Se tiver juízo, o presidente Jair Bolsonaro deve abandonar a arrogância e refletir sobre o resultado das eleições municipais. Tomo São Paulo como exemplo merecedor de análise isenta de preconceitos.
Bruno Covas foi o candidato da aliança do PSDB com o PP, MDB, Podemos, PSC, PL, Cidadania, DEM, PTC, PV, PROS. Recebeu apoio do governador João Dória, do ex-presidente Fernando Henrique Cardoso, de Geraldo Alkmin, José Serra, Michel Temer e de outros políticos escolados. Recebeu 1.747.938, ou 32,85% dos votos.
A primeira rodada eliminou Márcio França, Celso Russomano, Andrea Matarazzo, Arthur do Val, Jilmar Tatto, Joyce Hasselmann, Marina Helou, Orlando Silva, Levy Fidelis, Vera Lúcia e Antônio Carlos. Os votos em branco foram da ordem de 5,87%; nulos 10,11%; de 29,29% as abstenções. A soma das três parcelas revela que 45,27% deixaram de participar de forma efetiva do pleito.
A surpresa ficou a cargo do improvável Guilherme Boulos, candidato do diminuto PSOL, que arrancou do nada 1.077.168 votos, ou 20,24% do eleitorado.
Bruno Covas é herdeiro político de Mário Covas. Elegeu-se deputado estadual em 2006 e 2010, deputado federal em 2014 e vice-prefeito em 2016. Assumiu a prefeitura paulistana quando João Dória se afastou para disputar o governo do Estado. Guilherme Boulos tem carreira modesta. Lidera o Movimento dos Trabalhadores Sem Teto (MST) e disputou a presidência da República em 2018, quando foi derrotado no primeiro turno. Naquela oportunidade recebeu, em todo o País, 617mil votos ou 0,58% dos sufrágios válidos.
Como alguém com currículo inexpressivo e candidato por partido nanico, consegue alcançar o segundo lugar na disputa pelo comando do maior município do Brasil?
A resposta será encontrada em Brasília, no Palácio do Planalto. Em condições normais Guilherme Boulos ficaria abaixo de Márcio França, Celso Russomano, Arthur do Val, Jilmar Tatto, Joyce Hasselmannn. O descontentamento popular, a pandemia, a inflação dos preços da cesta básica, e a política de extrema direita adotada pelo Palácio do Planalto acabariam por empurrar considerável parte da opinião pública para a esquerda.

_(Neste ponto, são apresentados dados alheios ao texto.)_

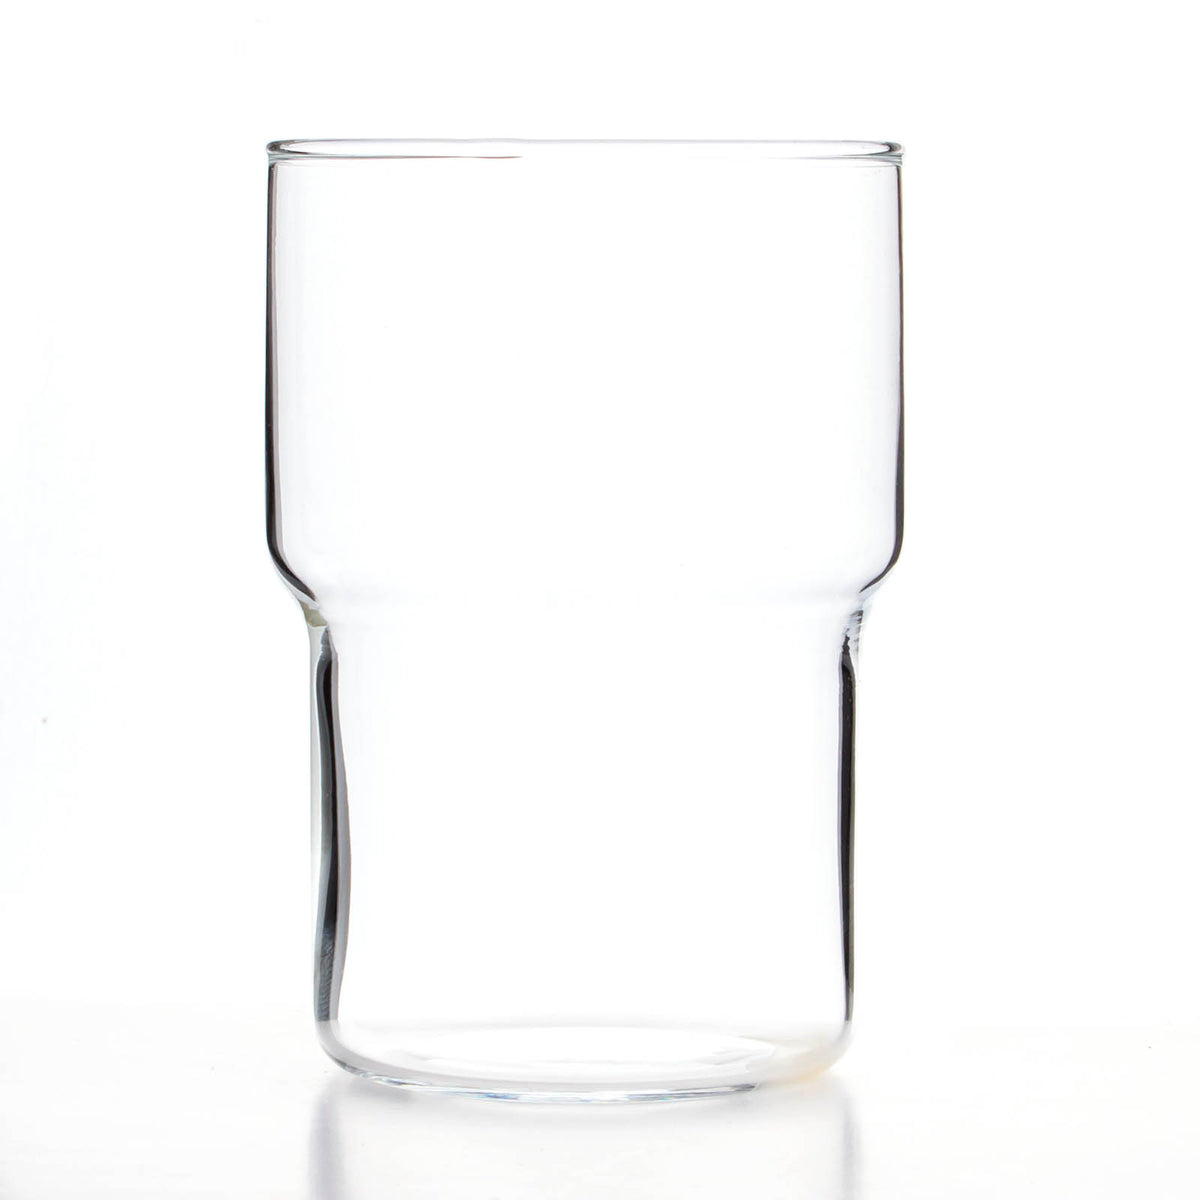 BarConic Wide Shaped Wine Glass - 15 Ounce (Quantity Options) Box of 6

Se somarmos a votação obtida pelo PSB, PT, PCdoB e PSTU, os partidos da ponta esquerda receberam 42,83% dos votos validos, ou 2.279.073. Joice Hasselmann, expoente da direita, em ascensão nas eleições para deputada federal em 2014, quando venceu com estonteante quantidade de votos, amargou o sétimo lugar com menos de 98 mil.
O presidente Jair Bolsonaro, após passar por meia dúzia de legendas, está sem partido. Leia-se a entrevista de Luciano Bivar, presidente do PSL ao Estado de S. Paulo na edição do dia 18 (pág. A14). Afinal, o que ocorre com o impulsivo deputado federal, eleito para a presidência da República da cama hospitalar onde se restabelecia da punhalada? Como entender o acelerado desgaste? A quem cabe a culpa? A Olavo de Carvalho? Aos filhos? Ao Queiroz? Aos trabalhadores? Aos empresários? A economia? Ao desemprego e à miséria? Ao Ministério? Ao descaso com a pandemia? Às queimadas na Amazônia e no Pantanal? À falta de dinheiro? À inflação de preços da carne, do arroz, do feijão, do óleo comestível? A atitudes pueris sobre a vacina?

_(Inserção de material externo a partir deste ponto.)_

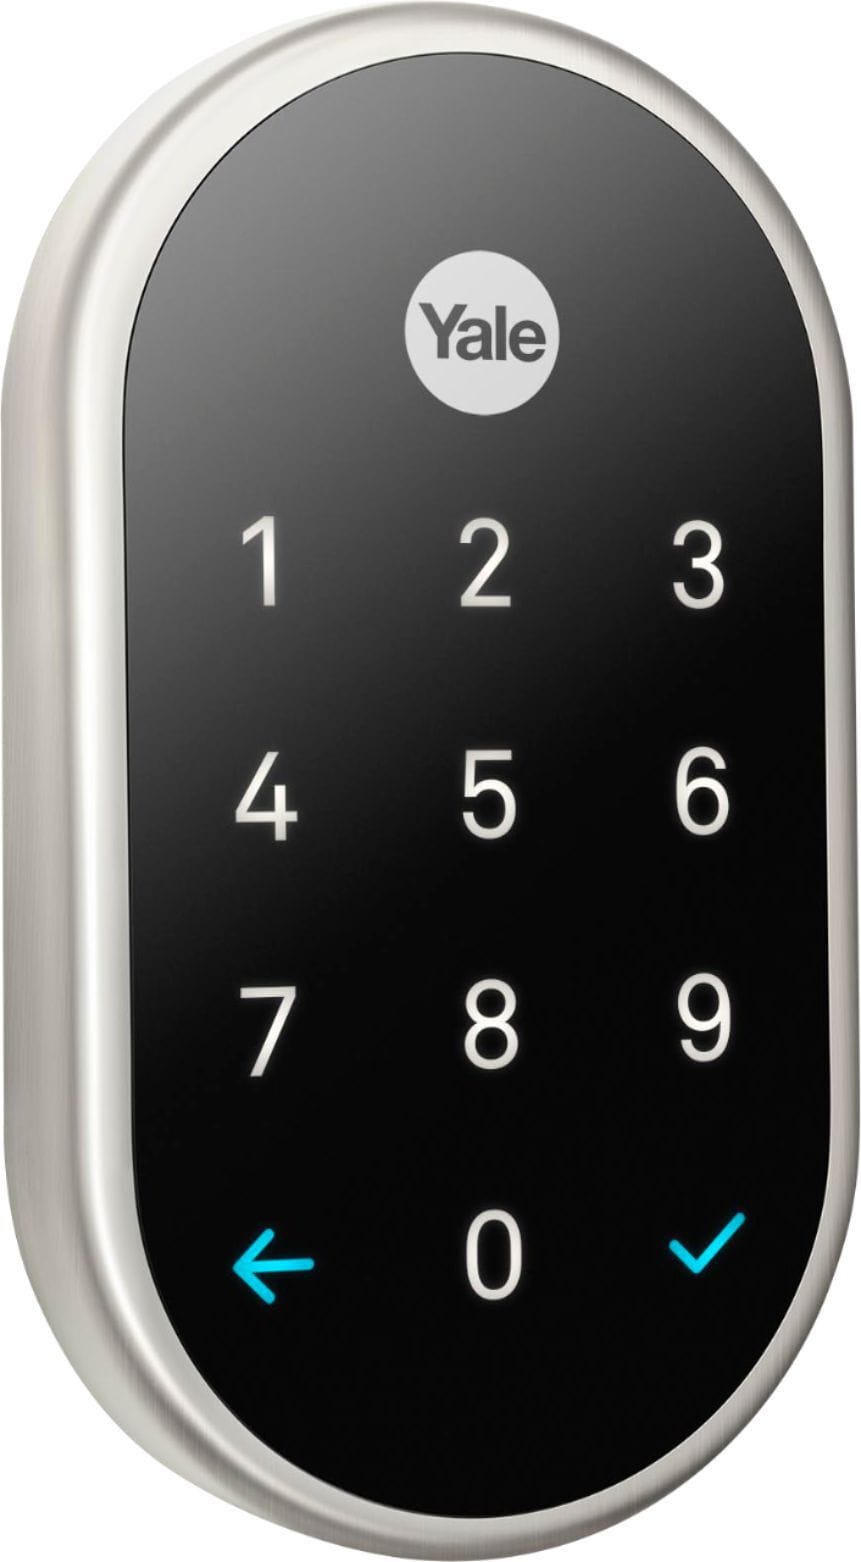 Nest Yale Lock for a Secure Connected Home

O fato é que S. Exa. delapida capital político amealhado quando era tenente, capitão paraquedista e deputado federal. A imagem de durão já não convence. Se não tomar cuidado poderá ter o destino de Donald Trump. No regime democrático a opinião pública é livre e indomável.
Faltam menos de 24 meses para as eleições de 2022. O tempo, no exercício de mandato, corre rápido como o vento. Para reverter a curva da impopularidade o presidente tem urgente necessidade de se reciclar.
— Almir Pazzianotto Pinto é Advogado. Foi Ministro do Trabalho e presidente do Tribunal Superior do Trabalho.